Can anybody solve this problem?
I don't think this is something that we see in an elementary diff eq textbook.

Yang

2. Sep 10, 2007

### bcyang

Sorry. I should have put this into "diff eq."

3. Sep 10, 2007

### Staff: Mentor

I moved it to Homework Help, Calculus. Homework and coursework questions (even if not for homework, as long as they are homework-like) need to be posted in the Homework Help forums, and you need to show us your work before we can offer tutorial help.

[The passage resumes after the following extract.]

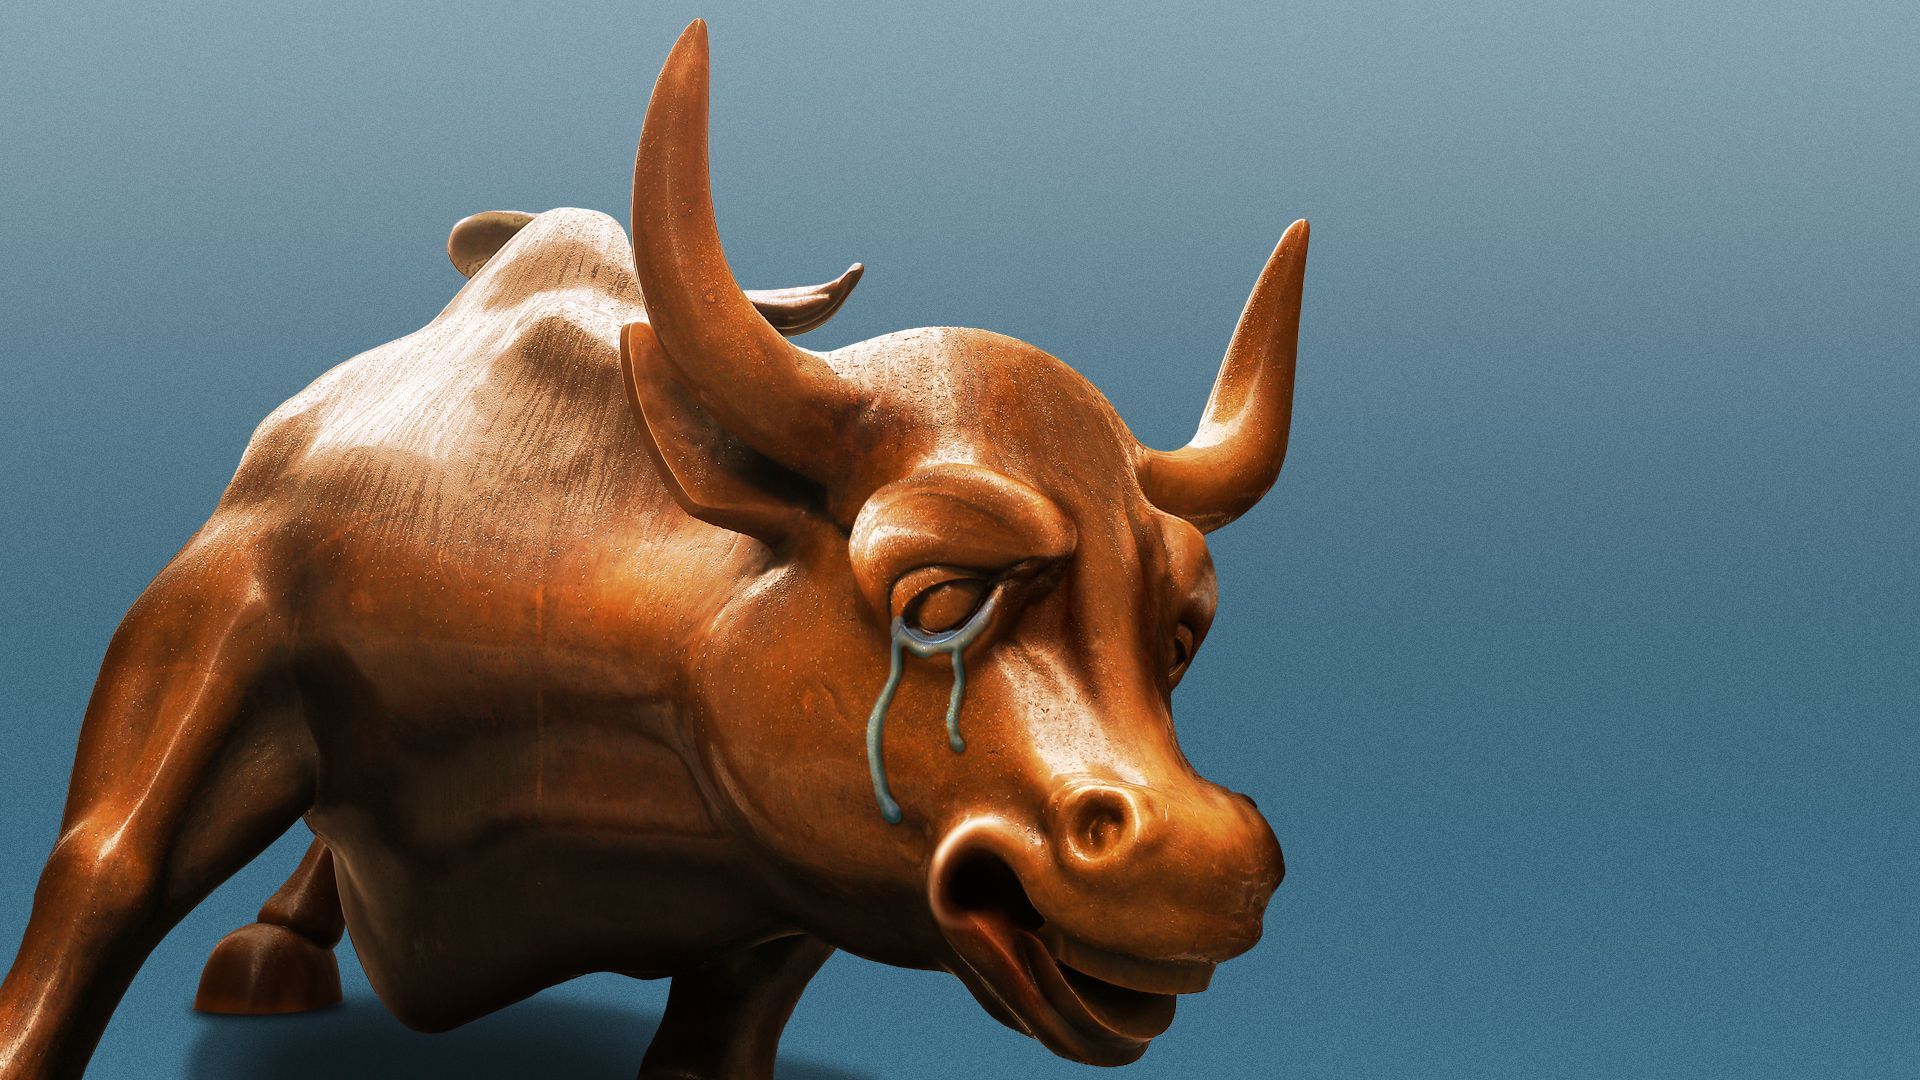 Illustration of the Wall Street Bull statue crying

So how would you approach solving this type of equation?

Welcome to the PF, BTW.

4. Sep 10, 2007

### bcyang

Thanks. I was solving (which I thought is) a trivial diff eq.
where there is some repeling force from an origin to an electron, say, at x.
So, the diff eq. really boils down to

x'' - 1/x^2 = 0

which I wonder if it even has a closed form solution.

Yang

5. Sep 10, 2007

### dextercioby

HINT: Multiply the equation by x' and then try to write the whole LHS as a total derivative.

6. Sep 10, 2007

### bcyang

Perhaps a little more hint:)

Thank you, Kurt.

7. Sep 10, 2007

### dextercioby

I'm not Kurt. My name is Daniel. Kurt's a part of the name appearing in the signature.

How about writing it like that ?

$$x' x'' -\frac{x'}{x^{2}}=0$$

8. Sep 10, 2007

### bcyang

Sorry, Daniel. I guess it's been too long since I left college. My brain is all rusty:(

9. Sep 10, 2007

### bcyang

Perhaps $$\frac{d}{dt} (x')^2 = 2 x' x''$$ helps?

10. Sep 10, 2007

### dextercioby

Yes, it does. Also $\frac{d}{dt} \frac{1}{x'}=-\frac{x'}{x^{2}}$.

11. Sep 10, 2007

### bcyang

Thanks a lot. So, I have
$$\frac{1}{2}(x')^2 - \frac{1}{x} = C$$ where C is a constant.
I feel so hopeless. I still don't see how I can solve this:(

12. Sep 10, 2007

### dextercioby

Well, there's a plus before the 1/x. Check it out. Separate the derivative and then separate variables.

13. Sep 10, 2007

### bcyang

Thank you again. This is not how I should approach it, isn't it?
$$x' = 2\sqrt{C-1/x}$$

14. Sep 10, 2007

### dextercioby

Okay, now, do you know how to separate variables ?

15. Sep 10, 2007

### bcyang

Oh, I see. Isn't it
$$\frac{dx}{2\sqrt{C-1/x}} = dt$$

16. Sep 10, 2007

### bcyang

I guess no (though I learned it once upon a time). Sorry.

17. Sep 10, 2007

### bcyang

18. Sep 10, 2007

### dextercioby

Yes, now integrate in both terms.

19. Sep 10, 2007

### bcyang

Thank you, Daniel.